De Takelma of Dagelma (zij die langs de rivier wonen) waren een indiaans volk dat bij de Roguerivier aan de oostzijde van de Pacific Coast Range in Oregon in de Verenigde Staten woonden. De taal die ze spraken is naar hen Takelma genoemd en werd ook door de aan de hen verwante Latgawa gesproken.
De cultuur van de Takelma wordt doorgaans tot de culturen van de Noordwestkust gerekend, maar had ook eigenschappen van het Californische cultuurgebied. De Takelma leefden als vissers en jager-verzamelaars, evenals de volken om hen heen. Het enige gewas dat ze verbouwden was tabak. Ze woonden 's winters in half onderaardse huizen van dennenhout, of in geval van de armeren in huizen bedekt met berkenbast, aarde en bladeren. In de zomer woonden de Takelma onder meer in behuizingen van takken en bladeren bij hun visplaatsen. De dorpen van de Takelma waren autonoom.

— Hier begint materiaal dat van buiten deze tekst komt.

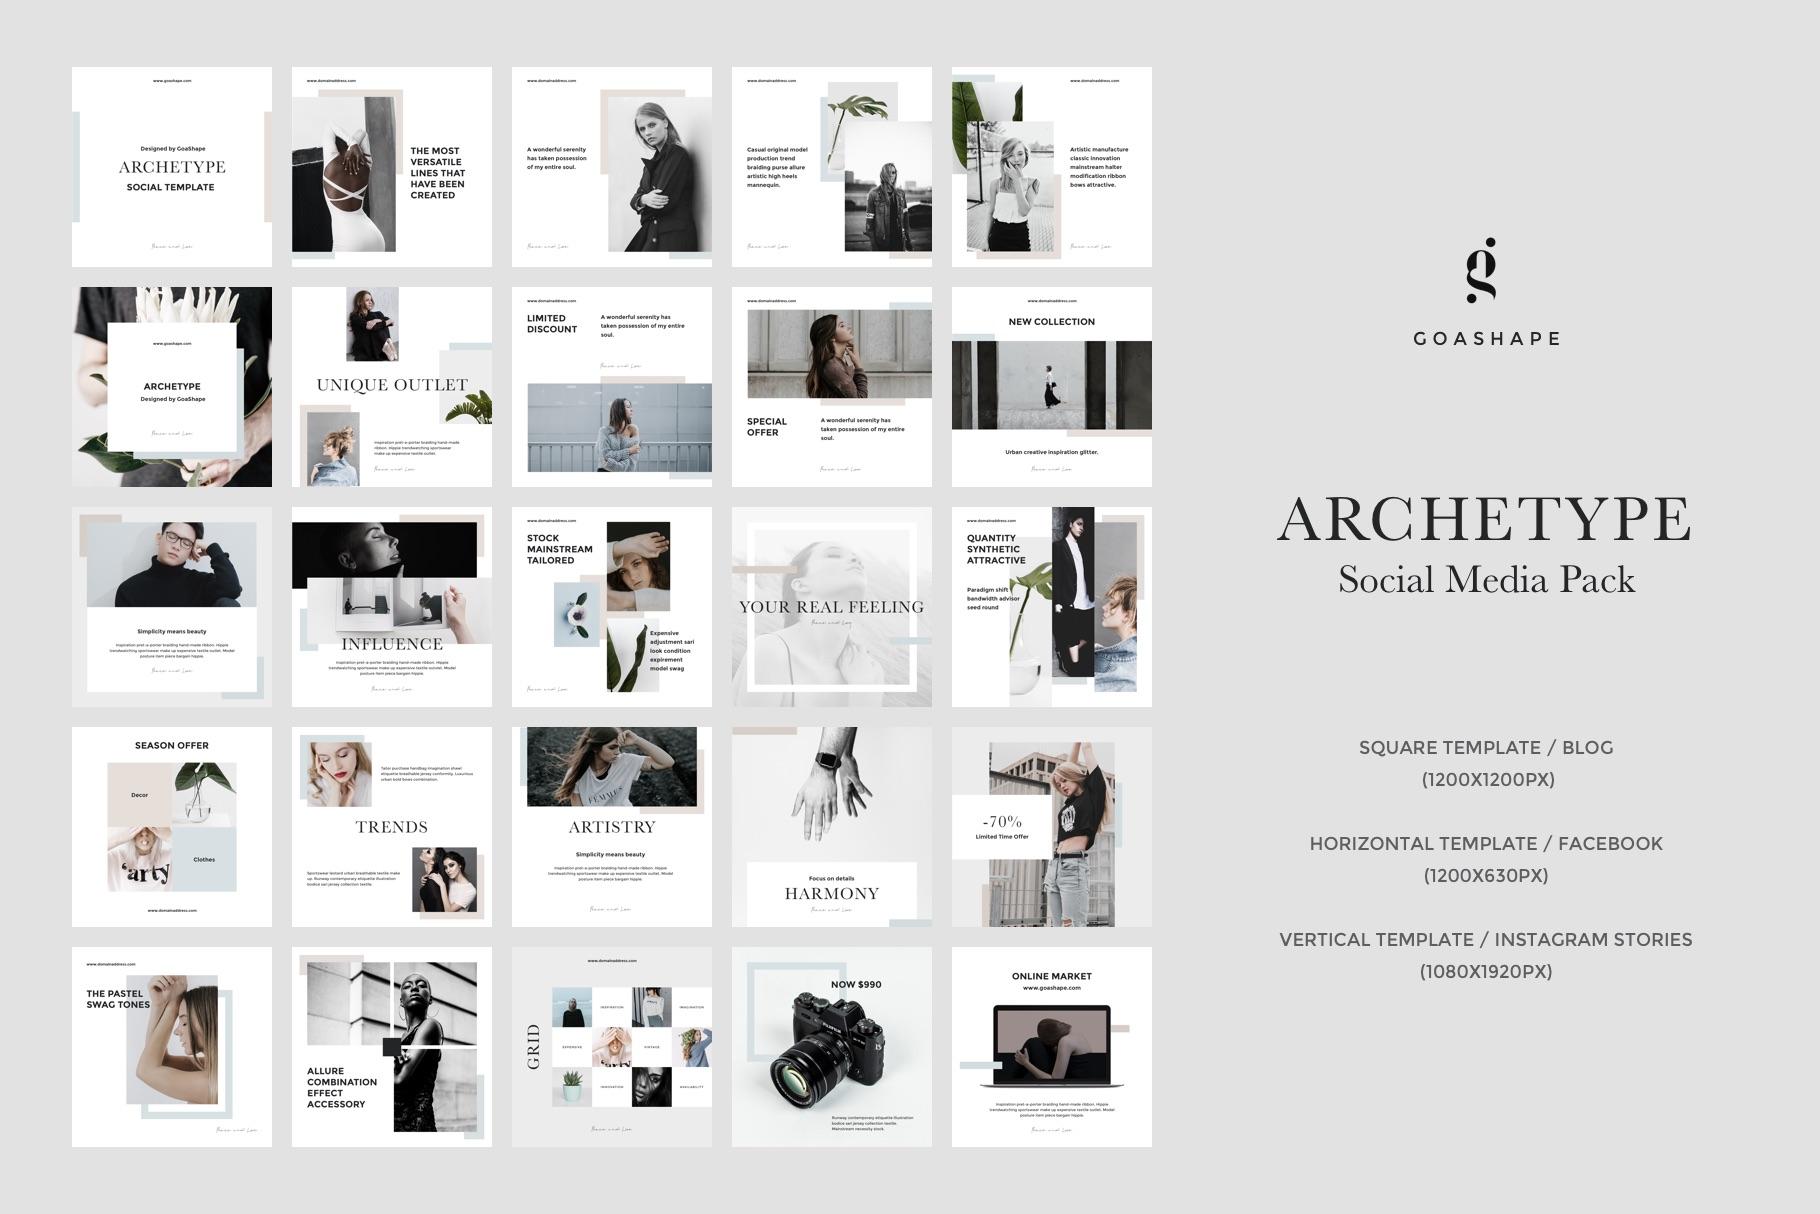 Showcase   archetype social media pack by goashape

Rond 1800 waren er waarschijnlijk ongeveer 1000 Takelma. In 1829 begonnen groepen van de Hudson's Bay Company door het gebied van de Takelma te trekken, en in de jaren decennia daarna reisden steeds meer blanken door het gebied van de Takelma, waaronder veedrijvers en immigranten. De Takelma probeerden deze indringers met geweld weg te houden, maar tevergeefs. Na ontdekking van goud in het gebied de Takelma in 1852 tijdens de Californische goldrush ontstonden er de eerste blanke nederzettingen. De spanningen tussen blanken en indianen namen toe en mondden uit in de Rogue Riveroorlogen van 1855-1856. Ook de Takelma vochten mee in deze oorlog, maar werden verslagen en in 1856 naar het Grand Rondereservaat gebracht. In 1857 werd een groot deel van het volk overgeplaatst naar het Siletzreservaat. Het aantal Takelma in de reservaten ging hard achteruit en in de eerste helft van de twintigste eeuw stierf hun taal uit. Tegenwoordig maken nakomelingen van de Takelma deel uit van de Confederated Tribes of Siletz en de Confederated Tribes of the Grand Ronde Community of Oregon.